Effects of firing of CC5 on the activity of neurons in the cerebral ganglion
Feeding-related neuron C-PR
Neuron C-PR (cerebral-pedal regulator) is located bilaterally in the cerebral M cluster. C-PR is activated when the animal is aroused by food (Teyke et al., 1990b, 1991). We found that firing CC5 at a high rate (>15 Hz) inhibited the activity of C-PR (Fig.9 A1). Similarly, firing of C-PR inhibited CC5 (Fig. 9 A2). The inhibition of either cell was not associated with the presence of distinct fast IPSPs. The inhibitory effects of the neurons on one another were reversibly blocked when the head ganglia were bathed in a high-divalent cation solution (Fig.9 B1,B2). Although this experiment suggests that the connections between the two cells involves an interposed interneuron, the experiment is not definitive because the inhibitory effects required relatively high frequency of firing of the cells, and it was not possible to precisely match this frequency in the high-divalent cation solution.

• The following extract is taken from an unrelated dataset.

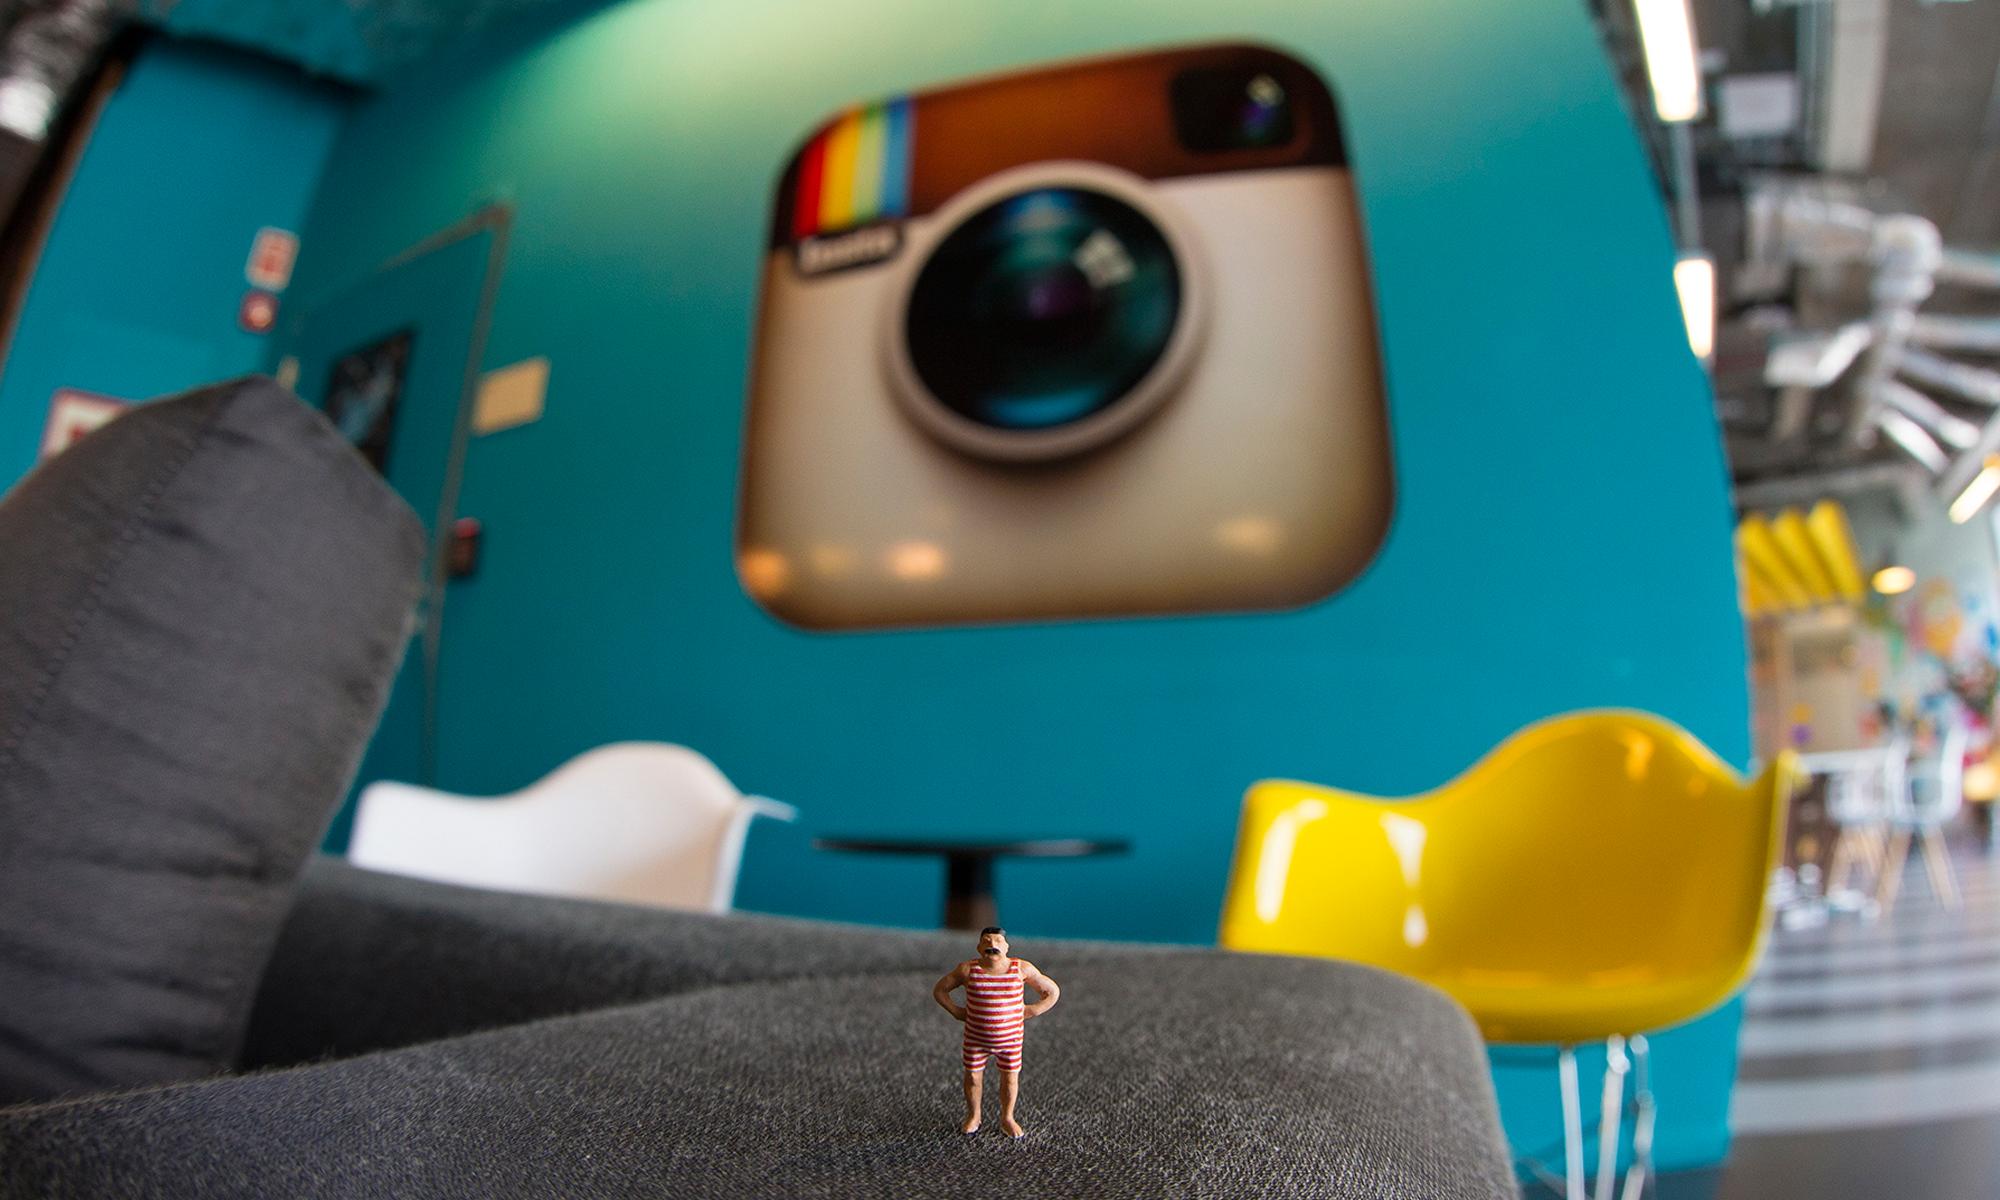 Visita ao QG do Facebook e Instagram no Brasil

The inhibition that C-PR evokes in CC5 suggests that C-PR activity should be associated with a decrease of activity of PAS, the excitatory follower of CC5. Indeed, we found that firing of C-PR bilaterally inhibited firing of PAS (Fig. 10 A). The inhibition of PAS could be an indirect effect attributable to the inhibition of CC5 (which excites PAS), but we also found that C-PR appeared to directly evoke an IPSP in PAS (Fig. 10 B1), and the IPSP persisted in a high-divalent cation solution (Fig.10 B2). This inhibitory connection accounts, at least in part, for the previously described inhibition of PAS produced by electrical stimulation of the pedal connective (Xin et al., 1996). The mutual inhibitory interrelation between CC5 and C-PR is consistent with a role of CC5 in contributing to neck shortening, because when animals are aroused by food, C-PR contributes to the generation of a head lifting response in which the neck of the animal extends and lengthens (Teyke et al., 1990b).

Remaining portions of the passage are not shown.